At a threshold set to minimize false positives, individuals considered “at high risk” were 25 times more likely to develop pancreatic cancer from three to 36 months than patients below the risk threshold. In contrast, a model that did not take the sequence of precancer disease events into account resulted in a substantially lower increased risk for patients above a corresponding threshold.
The researchers further validated their findings using electronic medical records from the Mass General Brigham Health Care System. The differences in health care and recordkeeping practices between different health care systems required the model to be retrained on the new dataset, Yuan said, and upon retraining, the model performed with comparable accuracy; the area under the curve (a measurement of accuracy that increases as the value approaches 1) for this dataset was 0.88 as compared with 0.87 for the original training set.
Although most of the AI’s decision making happened in the “hidden layers” of a complex neural network, making it difficult for the researchers to pinpoint exactly what diagnosis patterns predicted risk, Yuan and colleagues found significant associations with certain clinical characteristics and pancreatic cancer development. For example, diagnoses of diabetes, pancreatic and biliary tract diseases, gastric ulcers, and others were associated with increased risk of pancreatic cancer. While this knowledge may improve traditional risk stratification in some cases, the advantage of the AI tool is that it integrates information about risk factors in the context of a patient’s disease history, Placido said.
“The AI system relies on these features in context, not in isolation,” Yuan said.
The researchers—including co-first author Jessica Hjaltelin, PhD; co-senior authors Søren Brunak, PhD, and Chris Sander, PhD; and collaborators Peter Kraft, PhD, Michael Rosenthal, MD, PhD, and Brian Wolpin, MD, MPH—hope this research, once evaluated in clinical trials, will lead to identifying patients with an elevated pancreatic cancer risk. This could potentially help recruit high-risk patients into programs centered around prevention and increased screening for early detection. If the cancer is caught early, Placido said, the odds of successful treatment are higher.
“These results indicate the potential of advanced computational technologies, such as AI and deep learning, to make increasingly accurate predictions based on each person’s health and disease history,” Yuan said.

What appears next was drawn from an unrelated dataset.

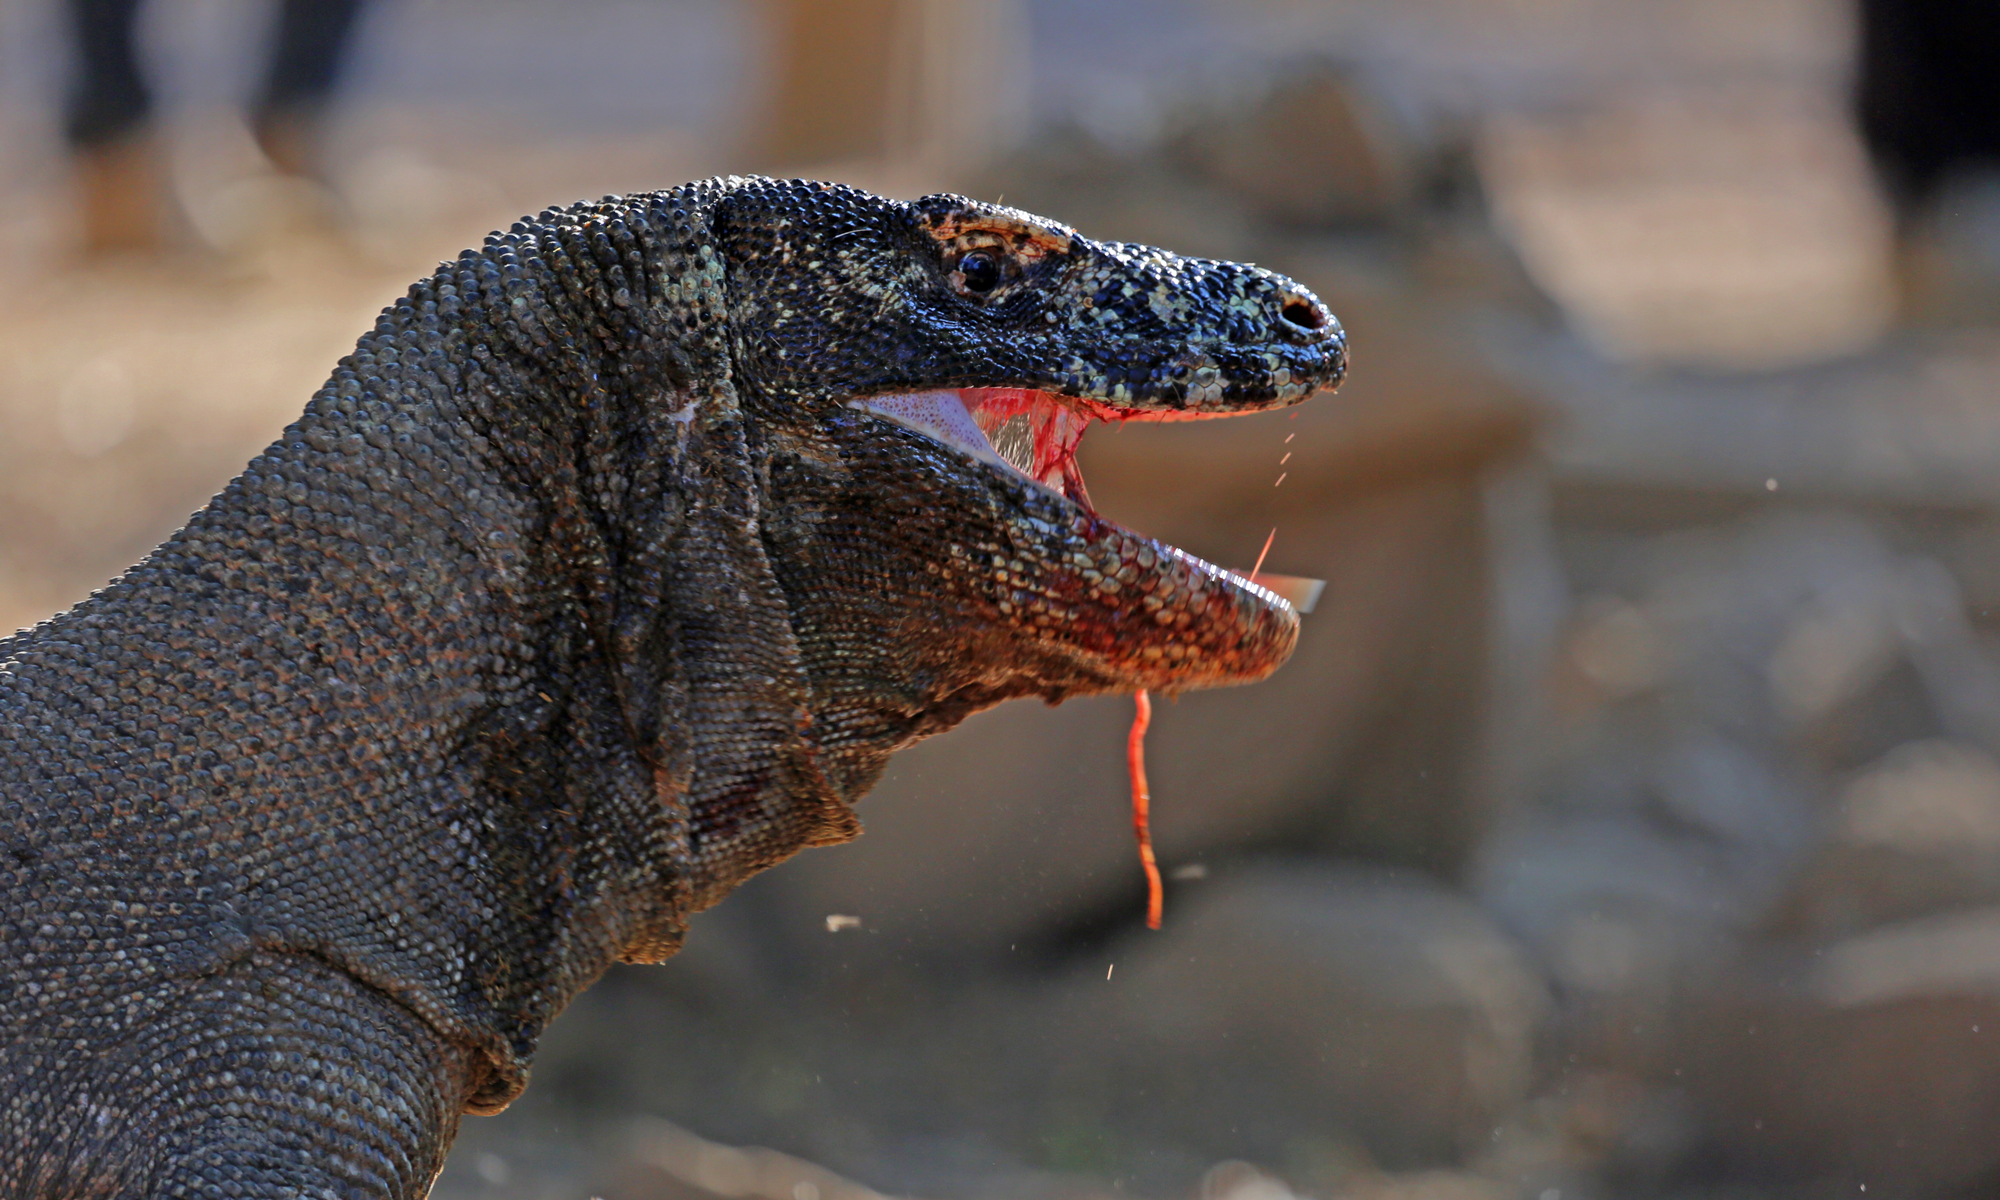 Hãy cùng khám phá thế giới của những con rồng Komodo khổng lồ, chúng là một trong những sinh vật lớn nhất của thế giới động vật và cực kì hấp dẫn!

Limitations of this study include difficulties standardizing electronic health data between different health systems, especially in different countries, necessitating the independent training and application of the AI model to different data sets. Additional analyses are also required to explicitly account for ethnic diversity. Further, prediction accuracy decreases with longer time intervals between risk assessment and cancer occurrence.
Funding of this study was provided by the Novo Nordisk Foundation, the National Institutes of Health, the Hale Family Center for Pancreatic Cancer Research, the Pancreatic Cancer Action Network, the Noble Effort Fund, the Wexler Family Fund, Promises for Purple, the Bob Parsons Fund, the Lustgarten Foundation, and Stand Up To Cancer (SU2C; The AACR is the Scientific Partner of SU2C). Yuan and Placido declare no conflicts of interest.